Professor Martin Landray said: “These are clear results and once again emphasise the value of large randomised clinical trials in differentiating drugs we hope work from treatments we know do work. In many countries, current guidelines recommend lopinavir-ritonavir as a treatment for COVID-19. The results from this trial, together with those from other large randomised trials, should inform revisions to those guidelines and changes to the way individual patients are treated.”
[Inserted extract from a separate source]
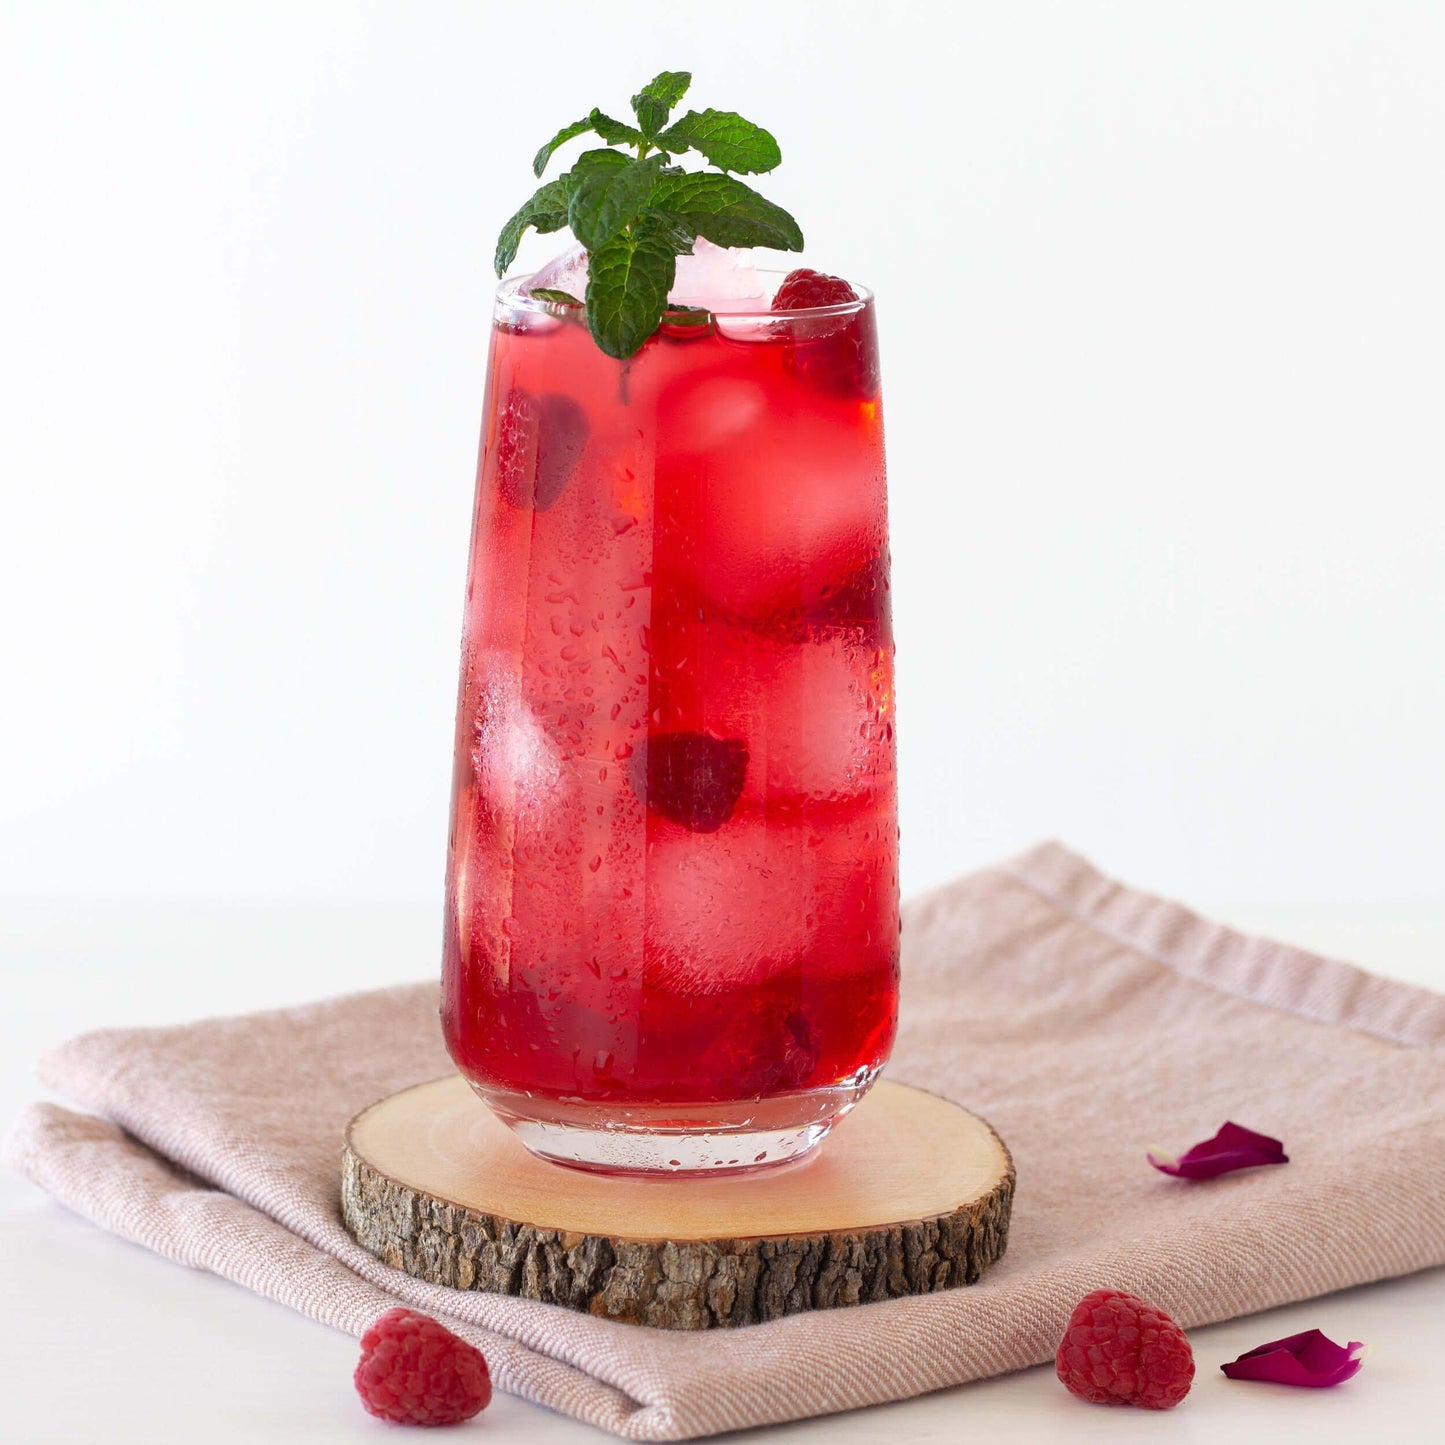 Rose Petal Raspberry Herbal Tea shown as iced tea in a clear glass with a sprig of mint and some raspberries floating in the glass. It is displayed on a wooden coaster on top of a piece of linen fabric

Taking part in the RECOVERY Trial: Graeme's story
A man who beat coronavirus and was among the first participants to enrol in the RECOVERY trial has spoken of how he wanted to “step up” to help with research into treatments for the disease.
Graeme Brammall, from Cromer in Norfolk, was hospitalised for nine days at the Norfolk and Norwich University Hospital at the end of March after contracting the virus and required high dependency care. During his treatment, the 57-year-old was among the first patients to be enrolled onto the RECOVERY trial.
The father-of-six, began feeling ill at home in March. After calling 111 and a visit from a paramedic, he was taken to hospital where he learnt he had coronavirus. He was taken to the high dependency ward, to receive oxygen to help him breath, and quickly agreed to take part in RECOVERY.
He said: “At the end of the day if you can help somebody in life and help save lives, you would. How are they going to find a cure? People have to step up to the mark or we are going to be in the dark ages and not move forward.”